Exercise brief | Output the listing exactly, without its pictures.

Collected data |
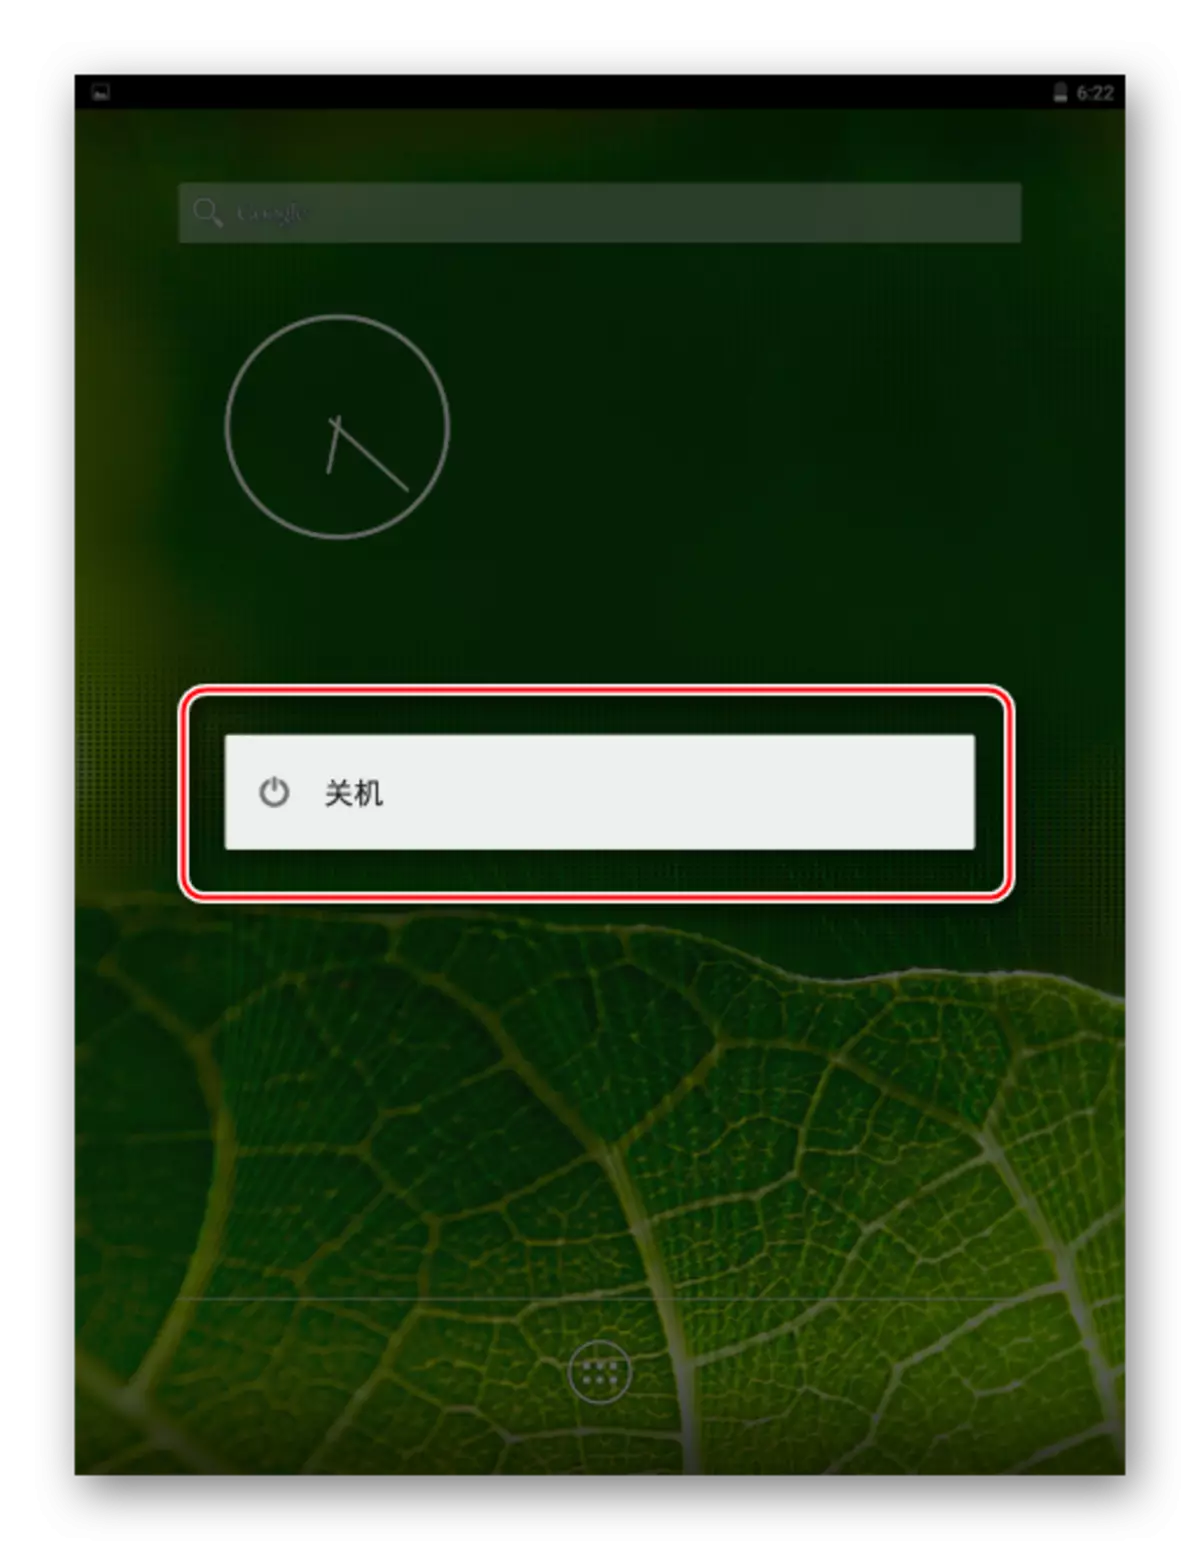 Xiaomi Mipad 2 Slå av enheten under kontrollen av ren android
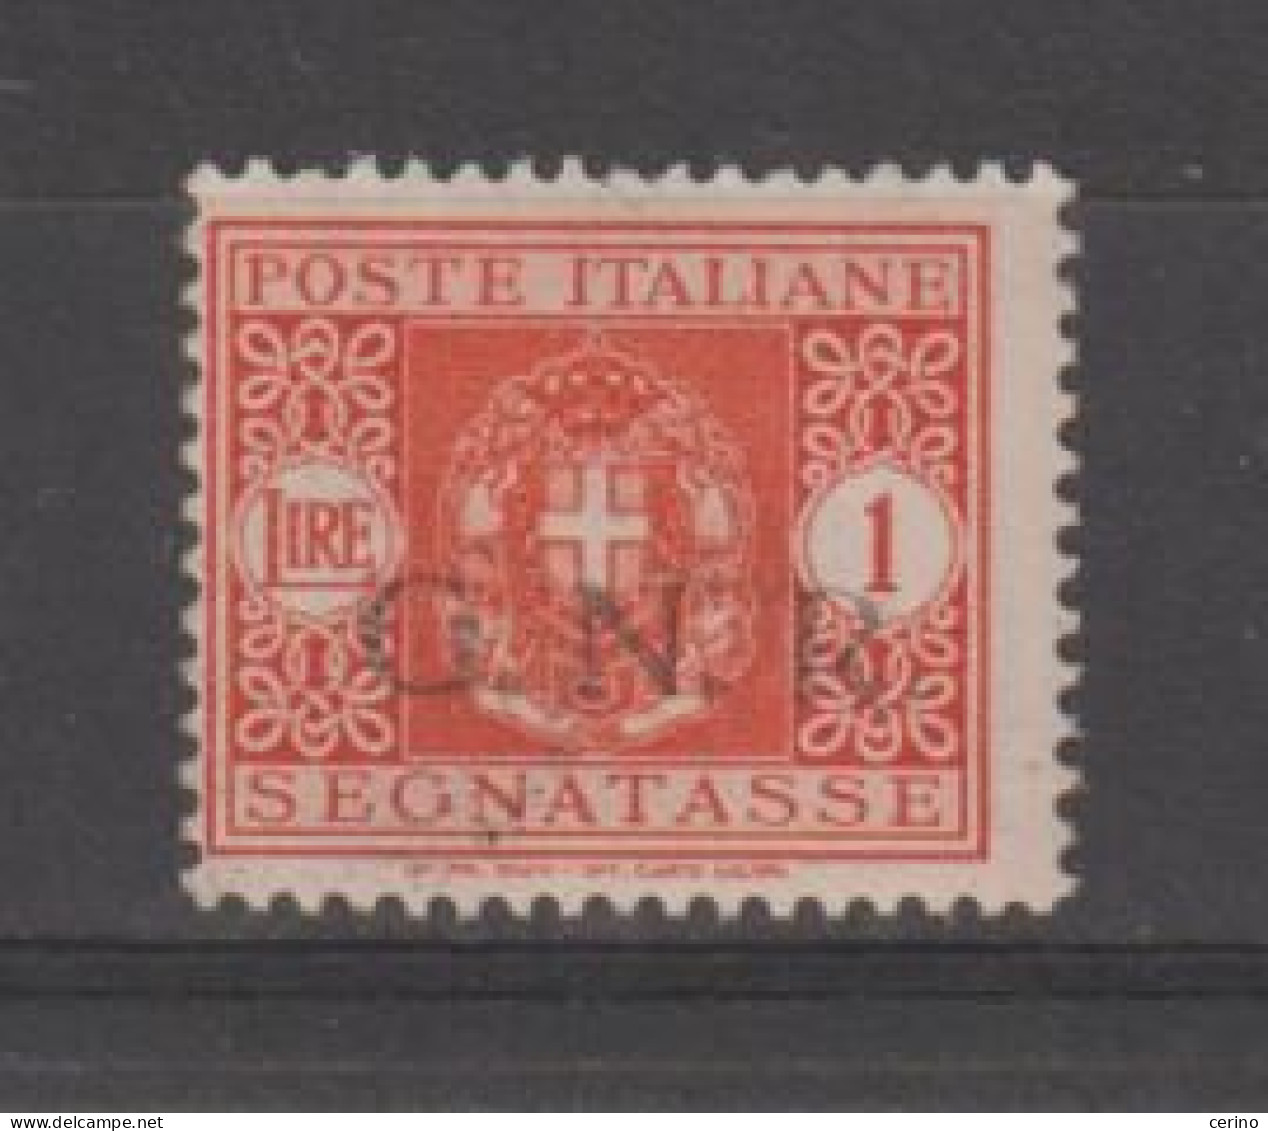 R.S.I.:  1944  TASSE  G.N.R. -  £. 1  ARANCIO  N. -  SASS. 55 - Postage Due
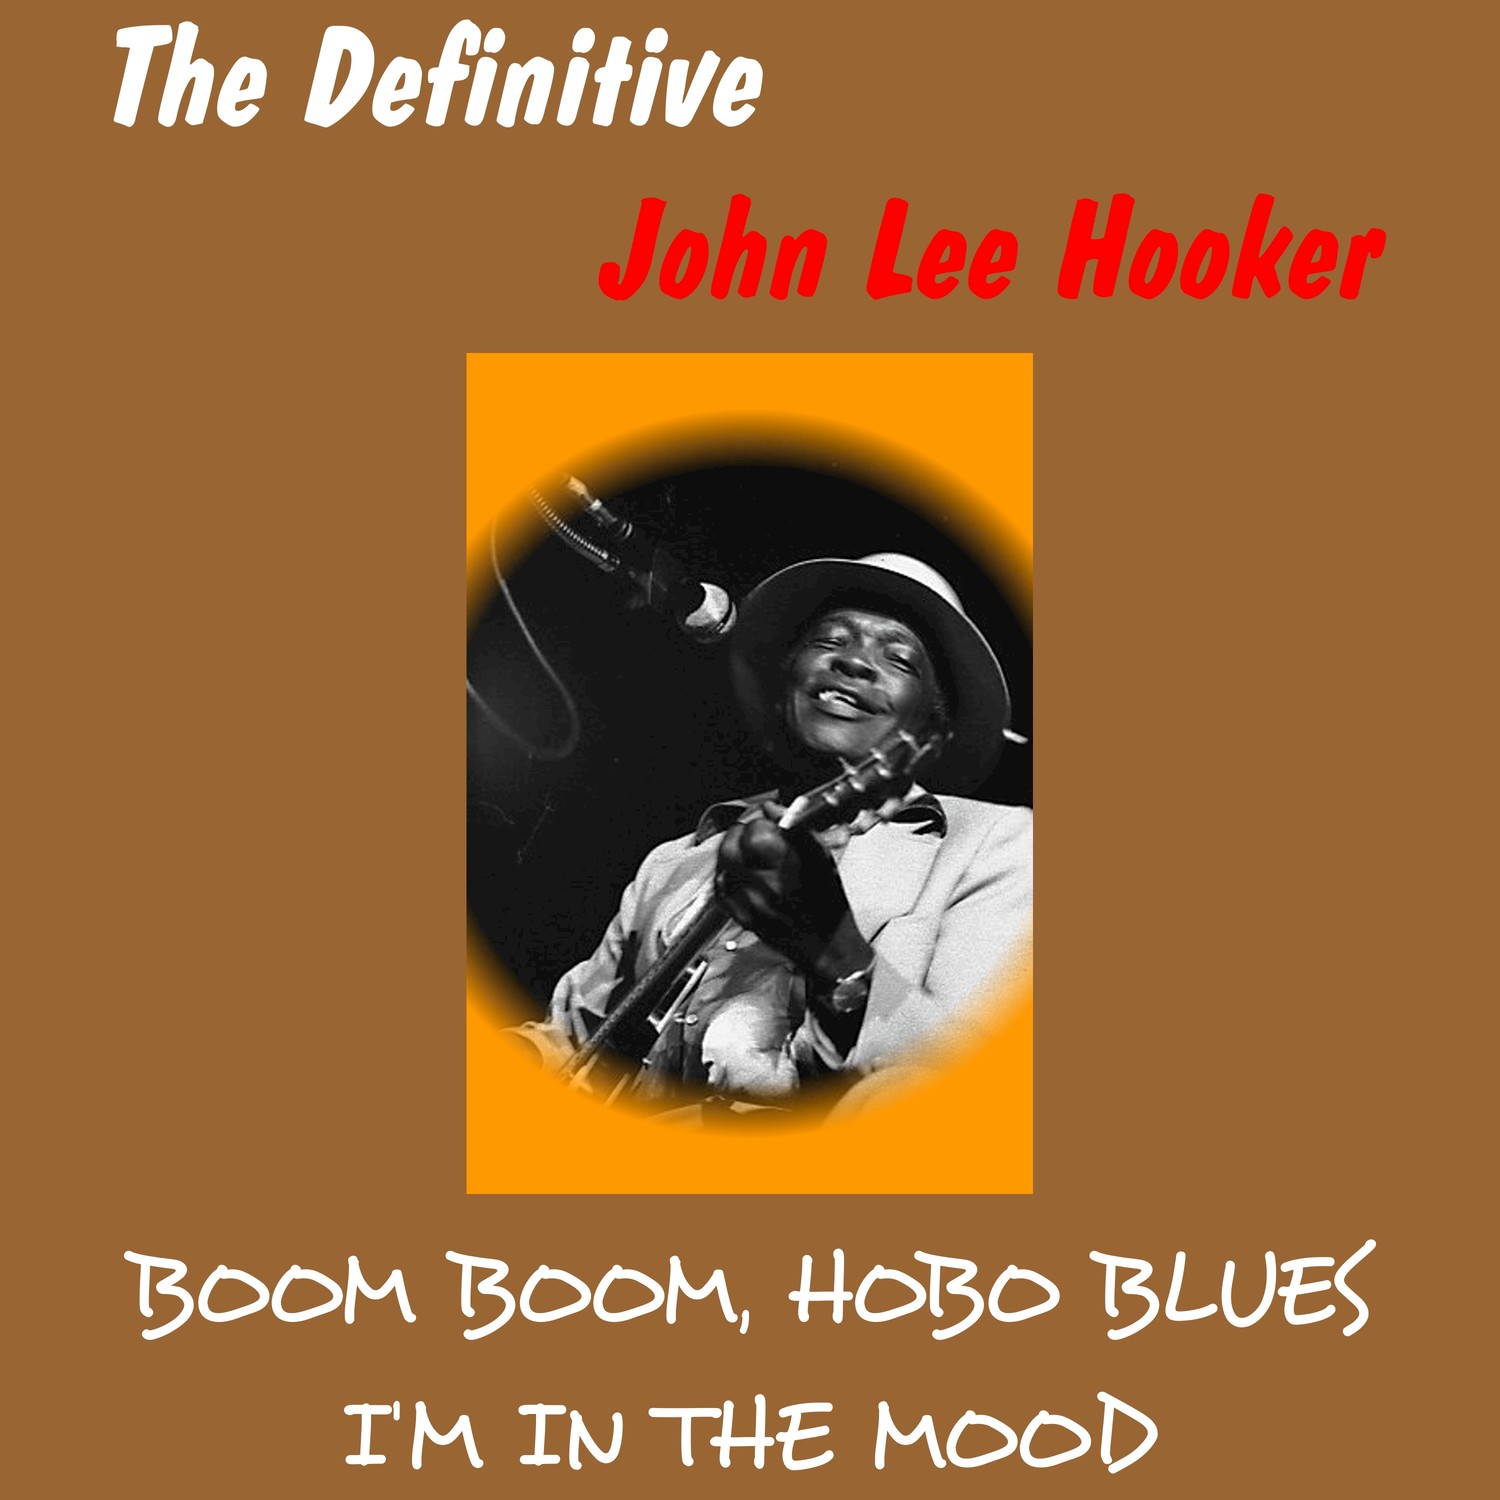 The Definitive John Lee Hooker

Your response |
 Xiaomi Mipad 2 Slå av enheten under kontrollen av ren android
 R.S.I.:  1944  TASSE  G.N.R. -  £. 1  ARANCIO  N. -  SASS. 55 - Postage Due
 The Definitive John Lee Hooker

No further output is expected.